- [Goal of the exercise] From the line containing "New Men’s Under Armour Boots" down to the line containing "HugSmart: Food Party - Onion Ring", copy out the entries below exactly, both lines included, and nothing else; pictures do not belong in the copy.

- [Data extracts]

□ □ □ □ □

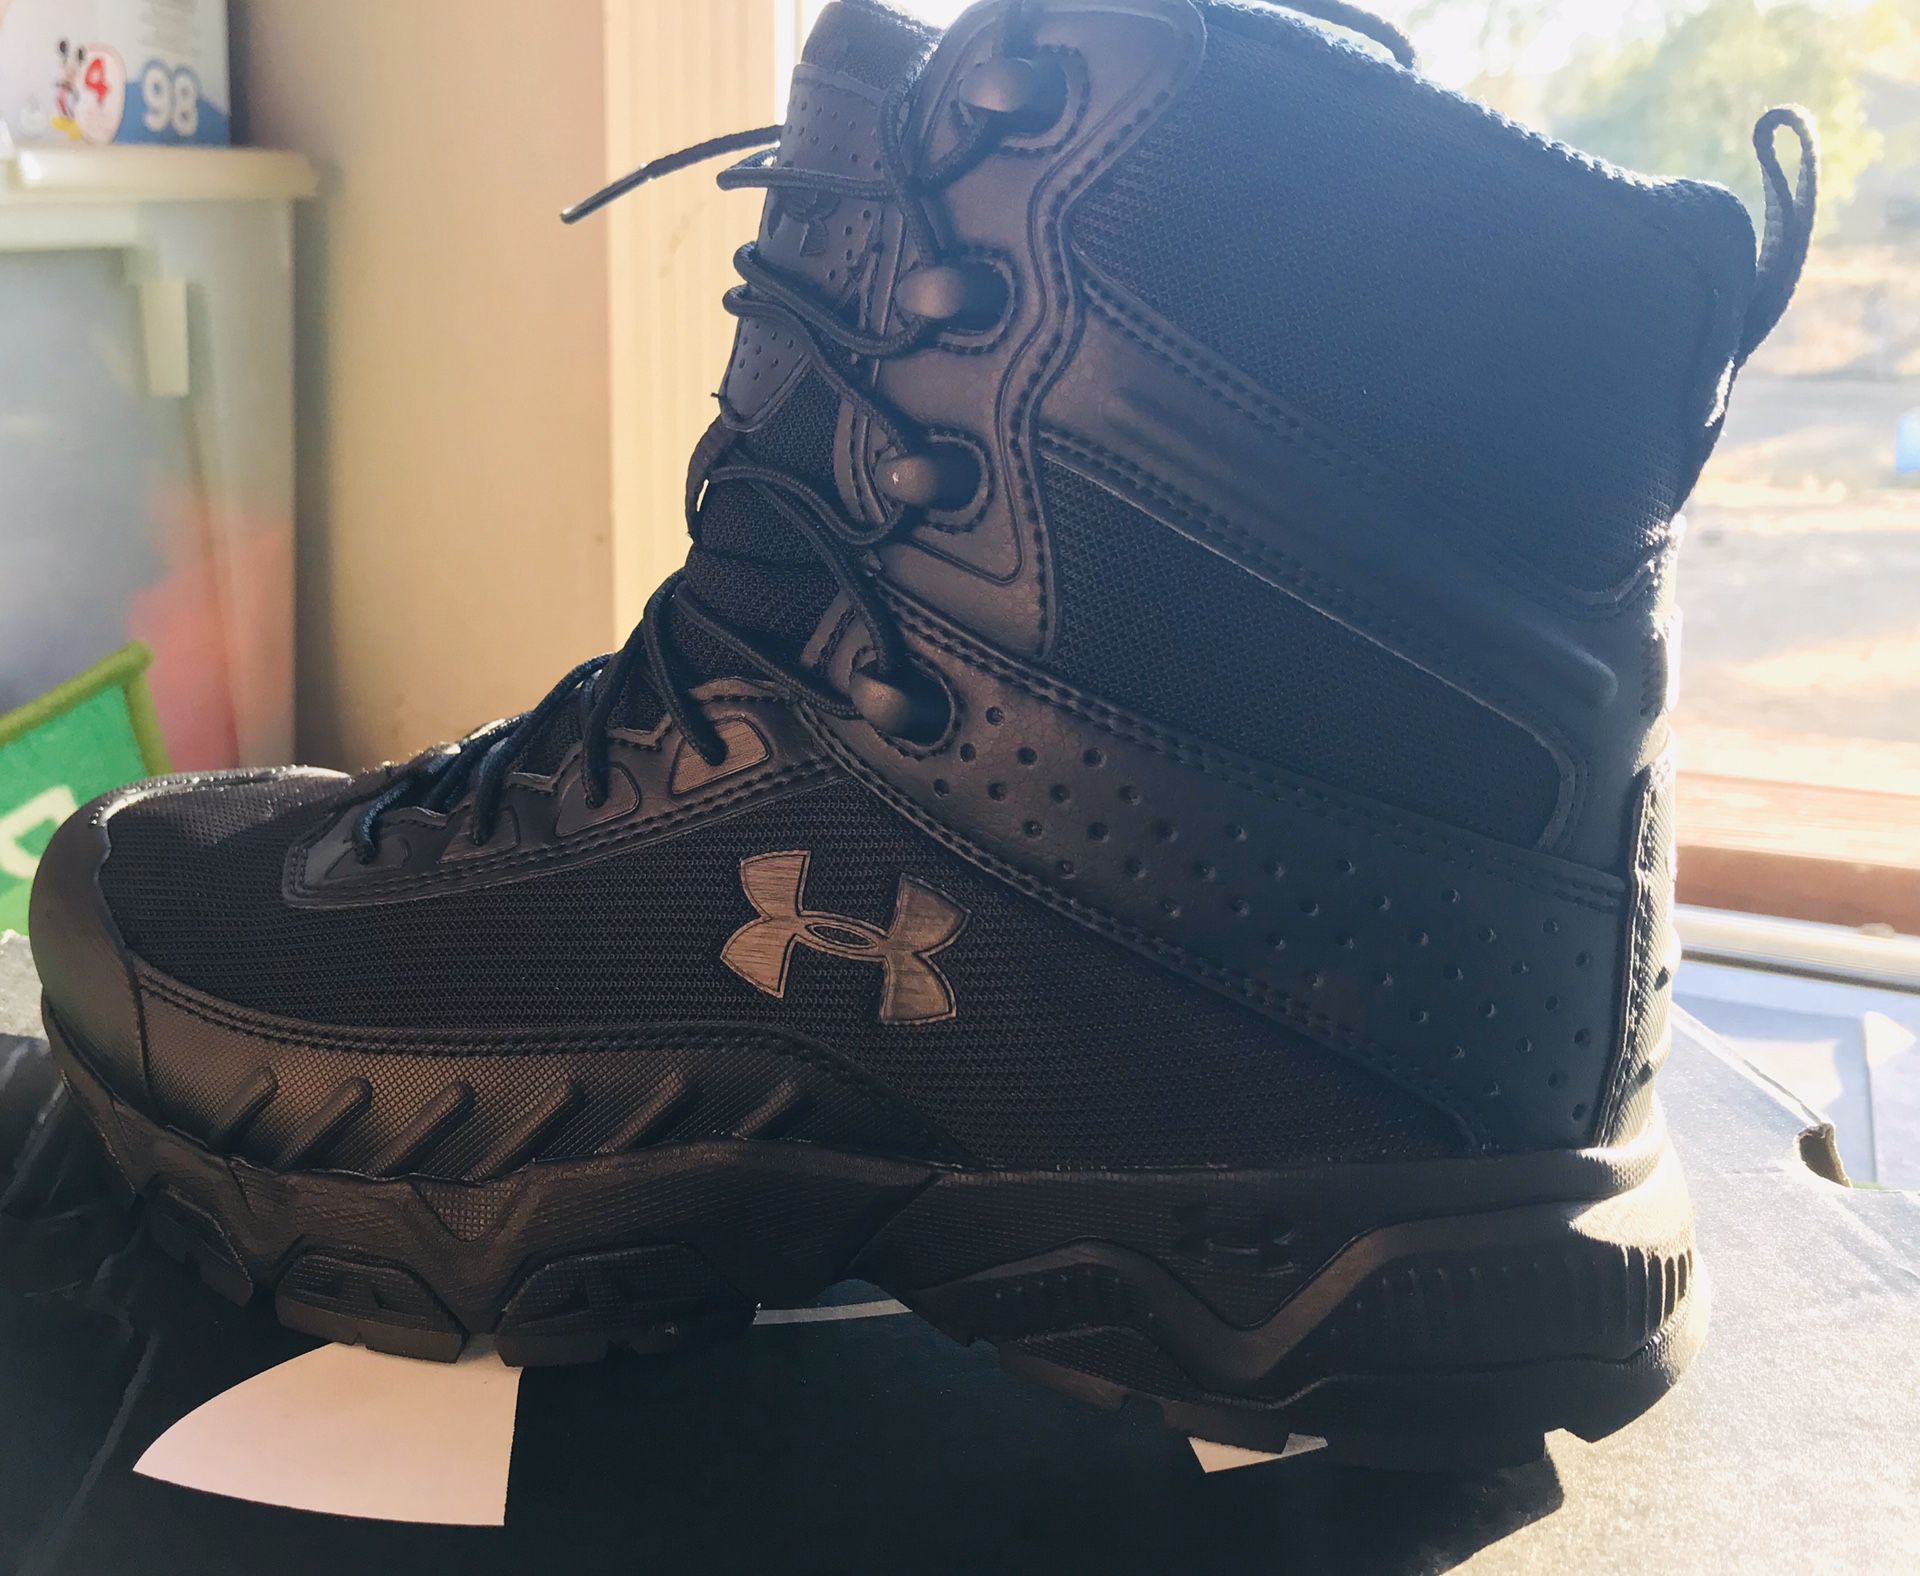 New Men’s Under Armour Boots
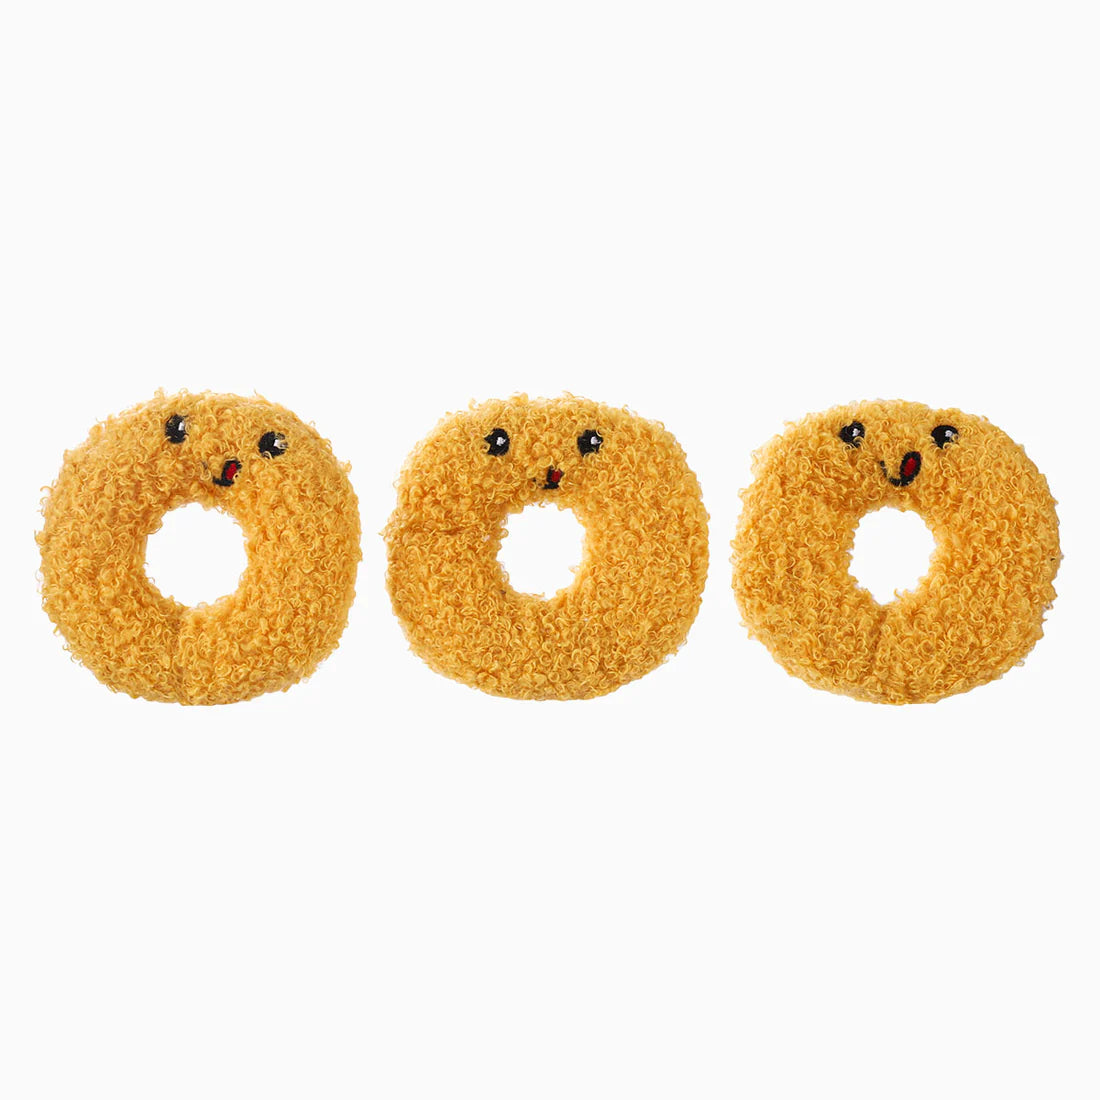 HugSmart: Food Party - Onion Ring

□ □ □ □ □

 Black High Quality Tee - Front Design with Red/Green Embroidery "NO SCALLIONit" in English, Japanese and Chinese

□ □ □ □ □

- [Exercise solution]
 New Men’s Under Armour Boots
 HugSmart: Food Party - Onion Ring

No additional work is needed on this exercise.